AVAILABLE DATA:
-=-=-

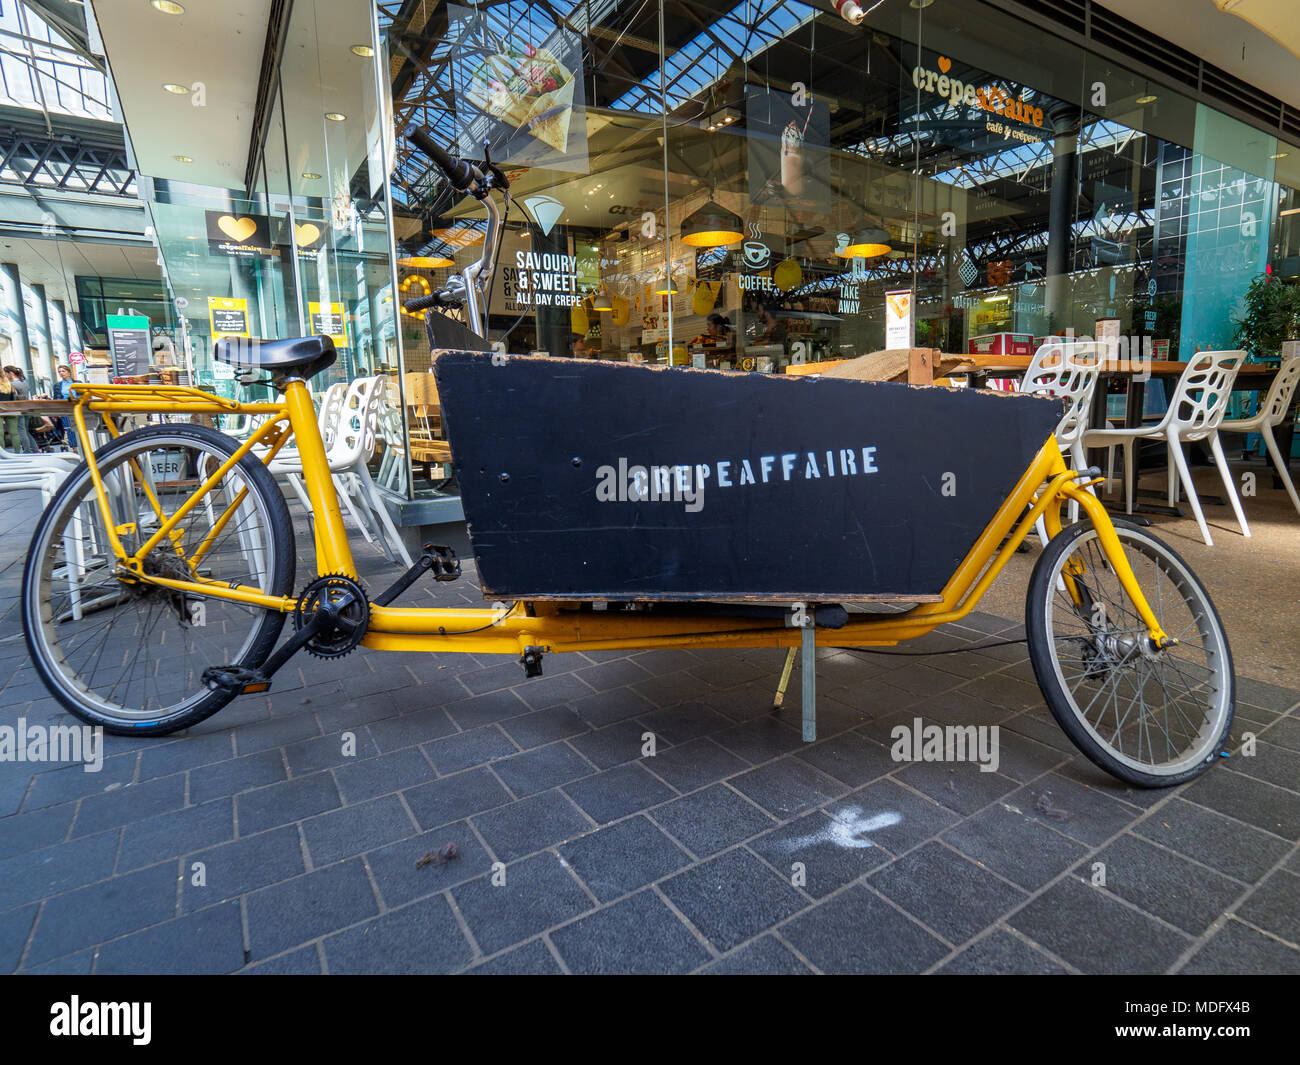 CrepeAffaire-a cargo bike außerhalb einer Crêpeaffaire Restaurant im Londoner Spitalfields Market geparkt Stockfoto
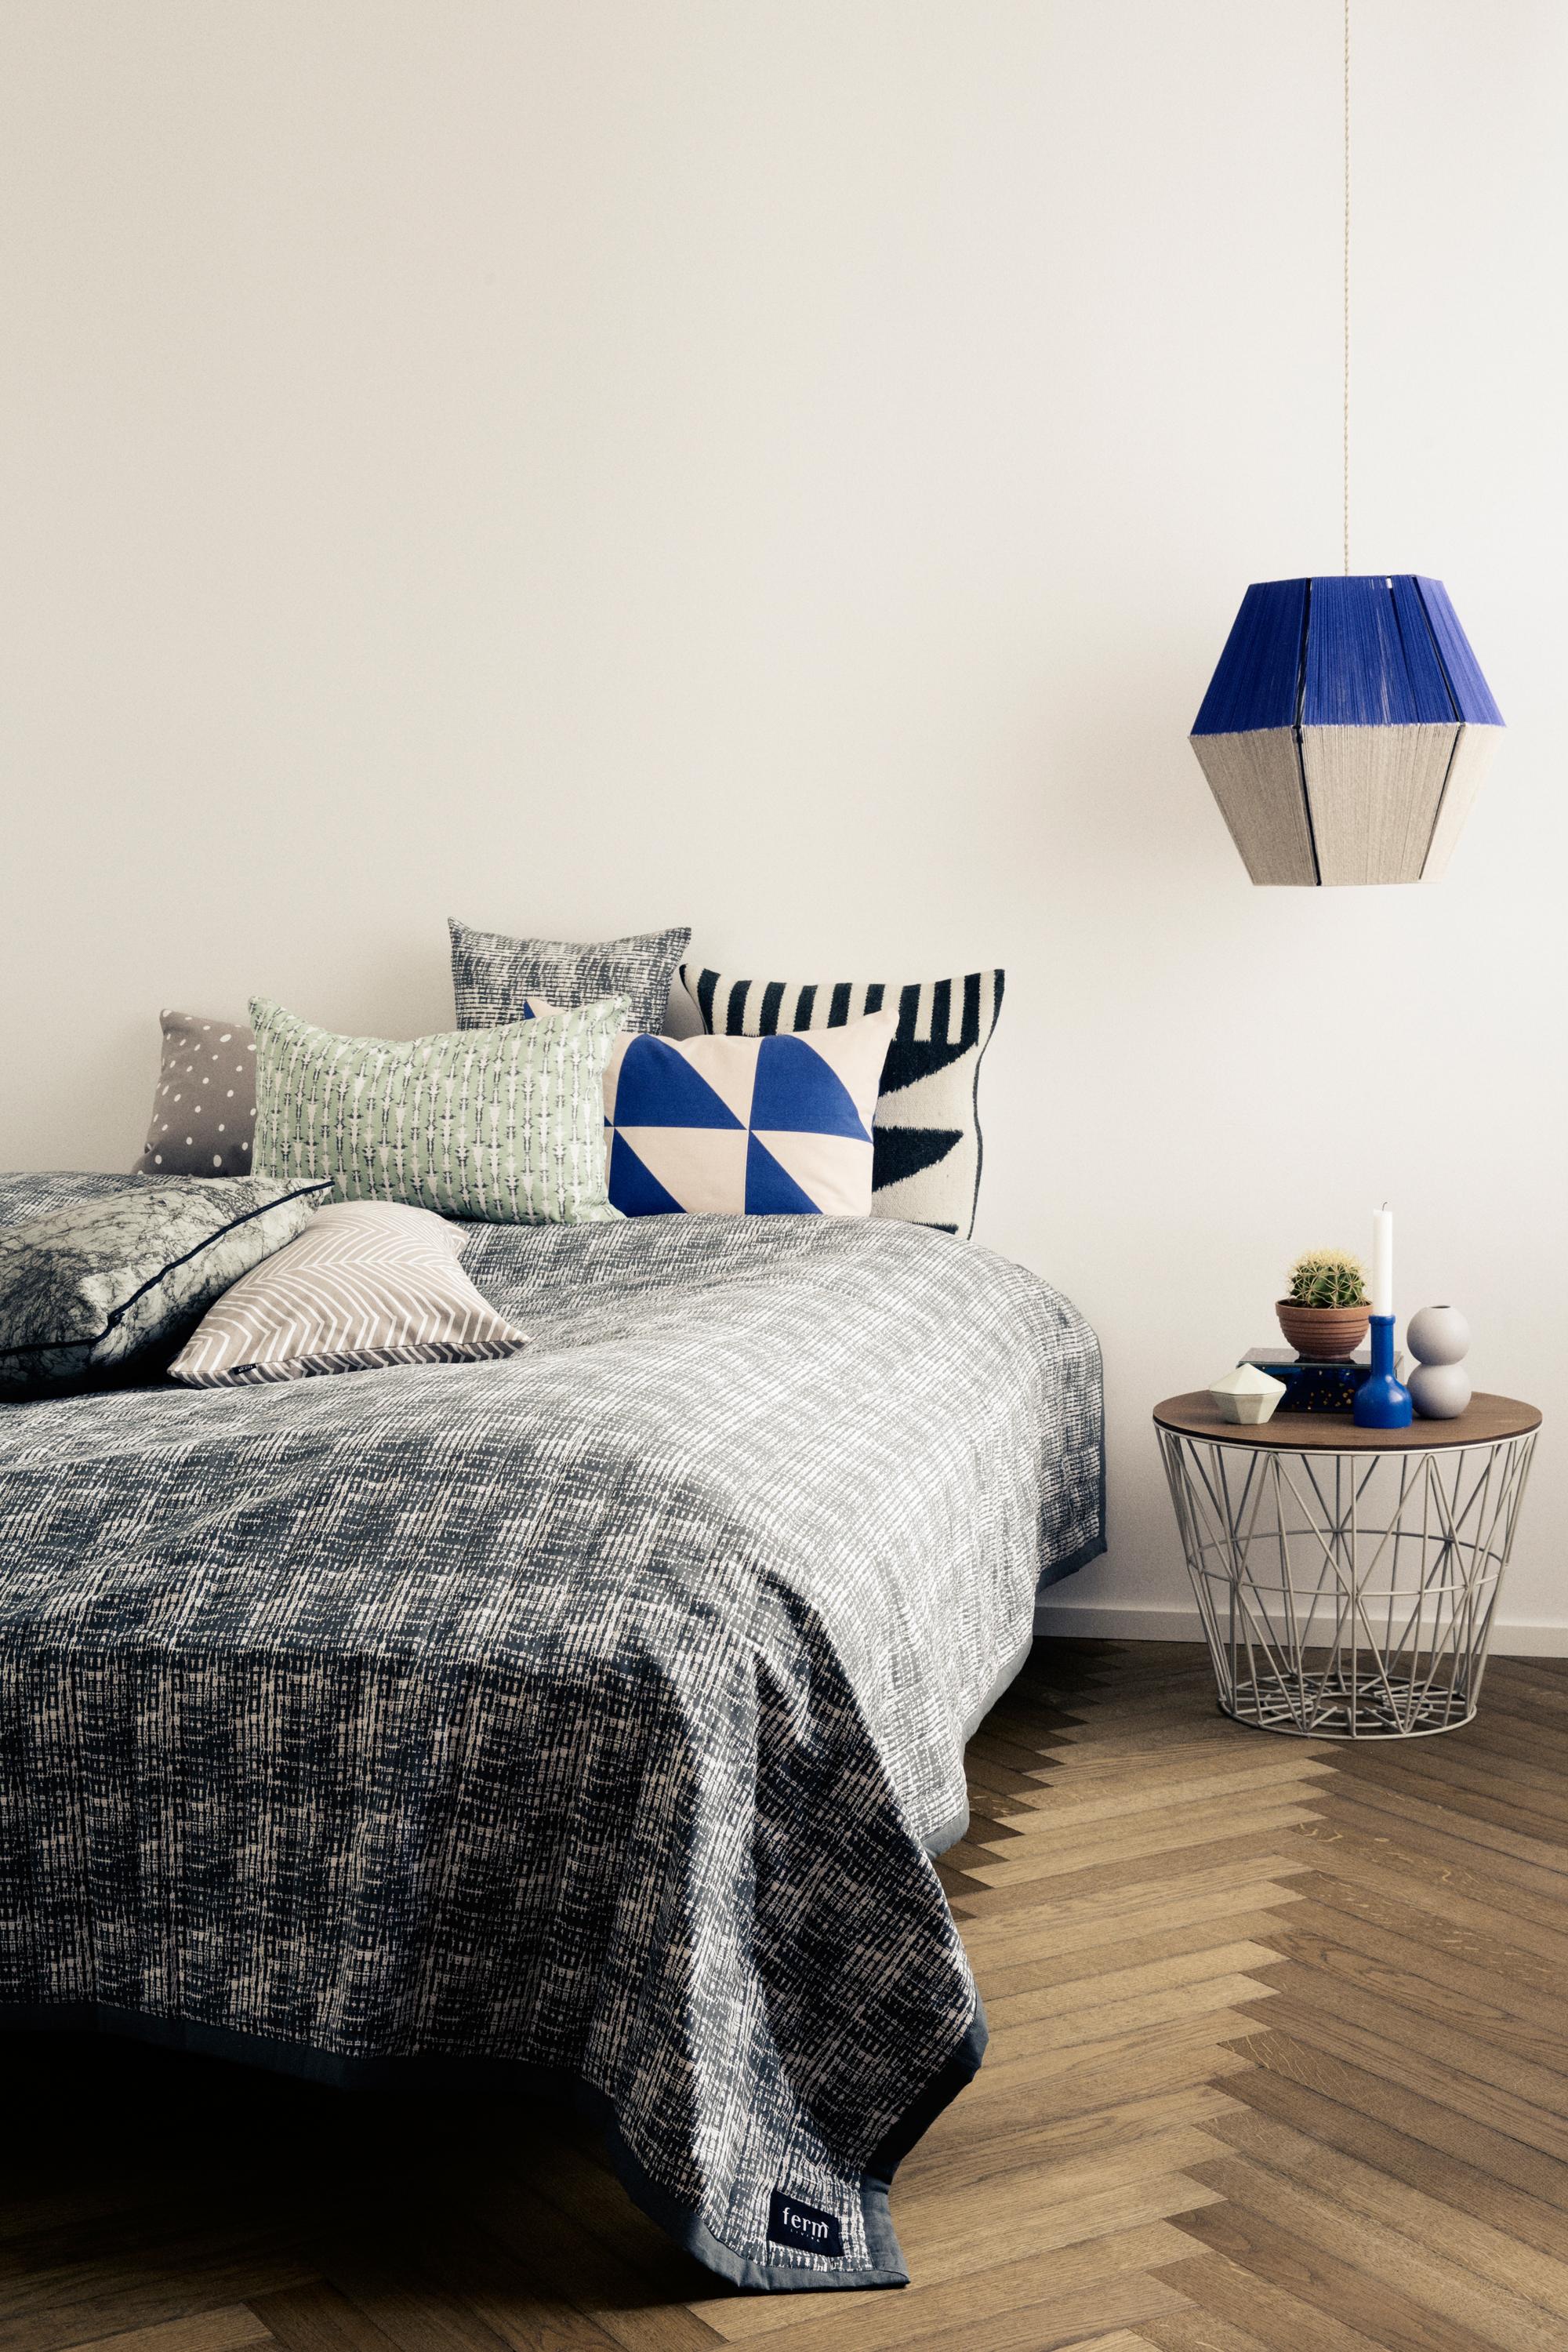 Blau-weiße Leuchte im Schlafzimmer #diy #lampion #berlinstyle ©Ferm Living
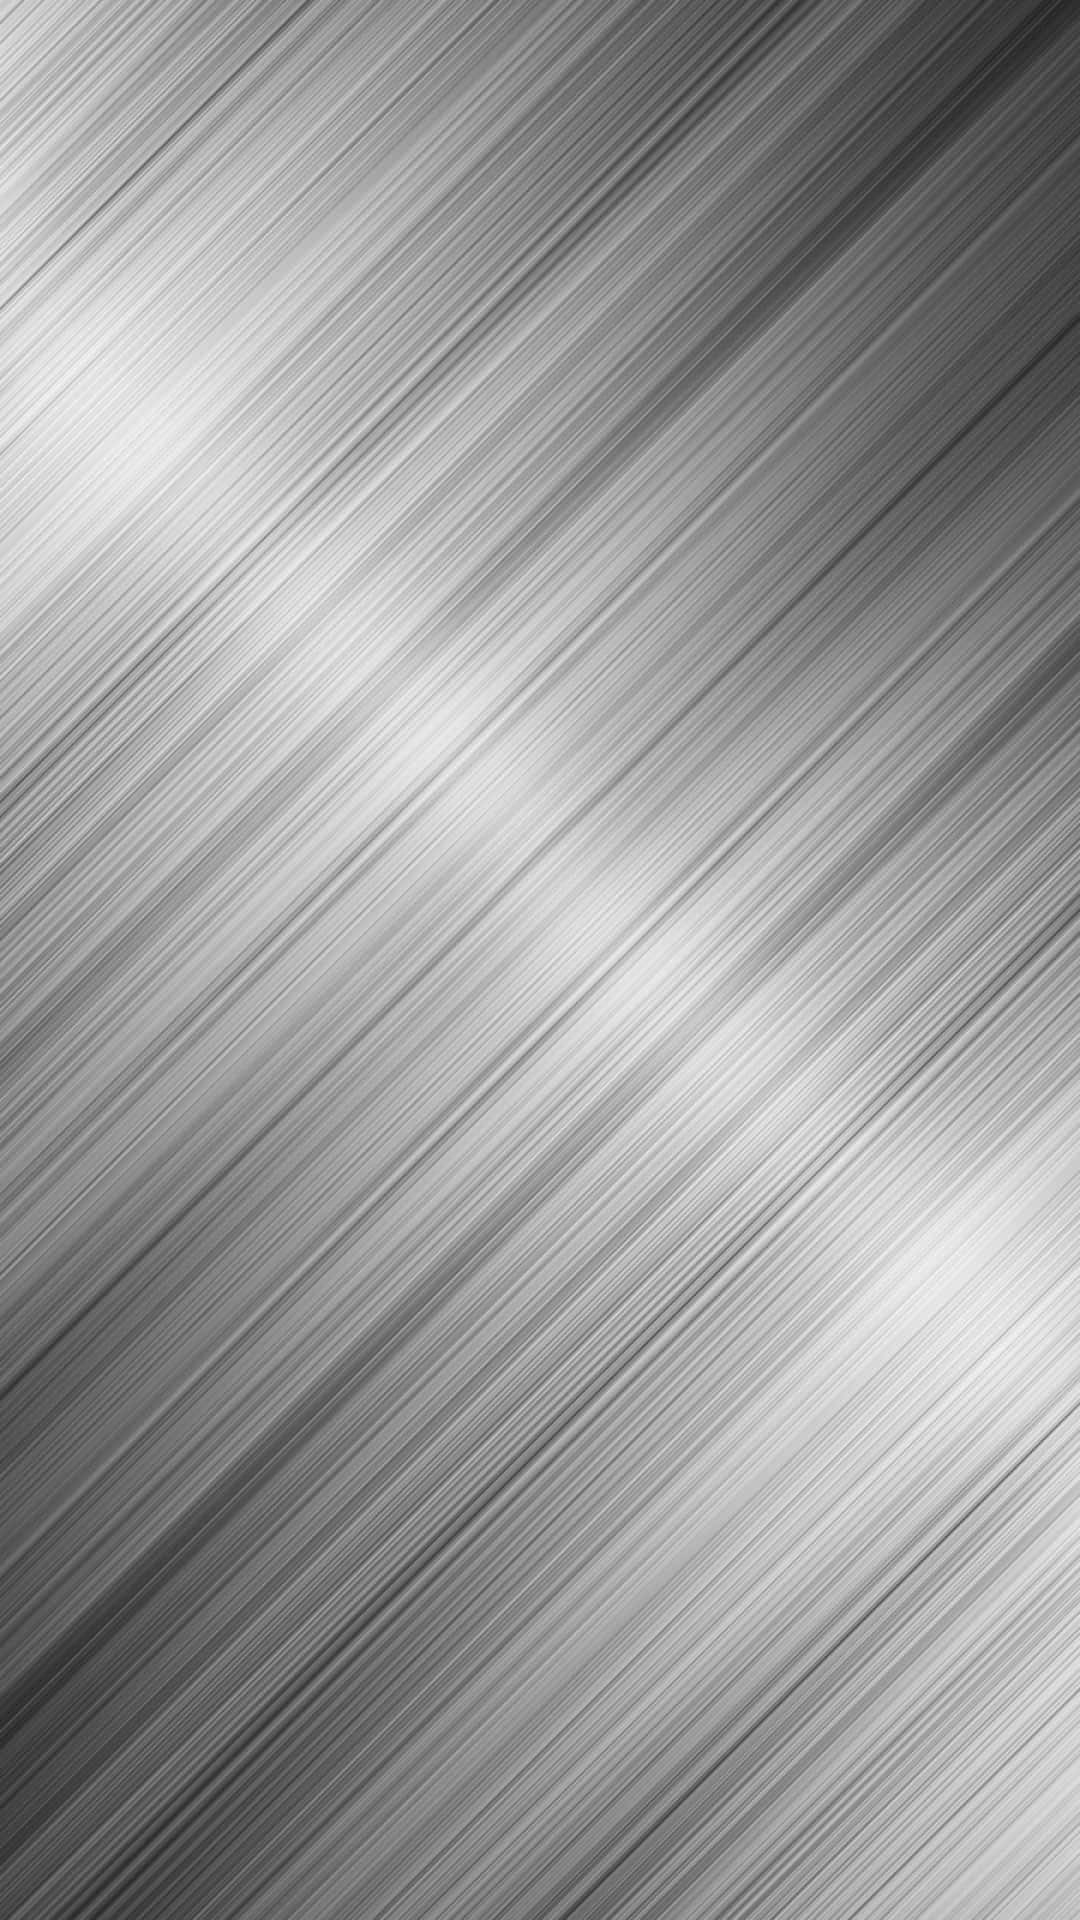 Shiny Silver Foil Background

-=-=-

AIM OF THE EXERCISE: From the line containing "Blau-weiße Leuchte im" to the last line of the material, every line is to be reproduced exactly. No picture belongs in the copy.

ANSWER TO THE PROBLEM:
 Blau-weiße Leuchte im Schlafzimmer #diy #lampion #berlinstyle ©Ferm Living
 Shiny Silver Foil Background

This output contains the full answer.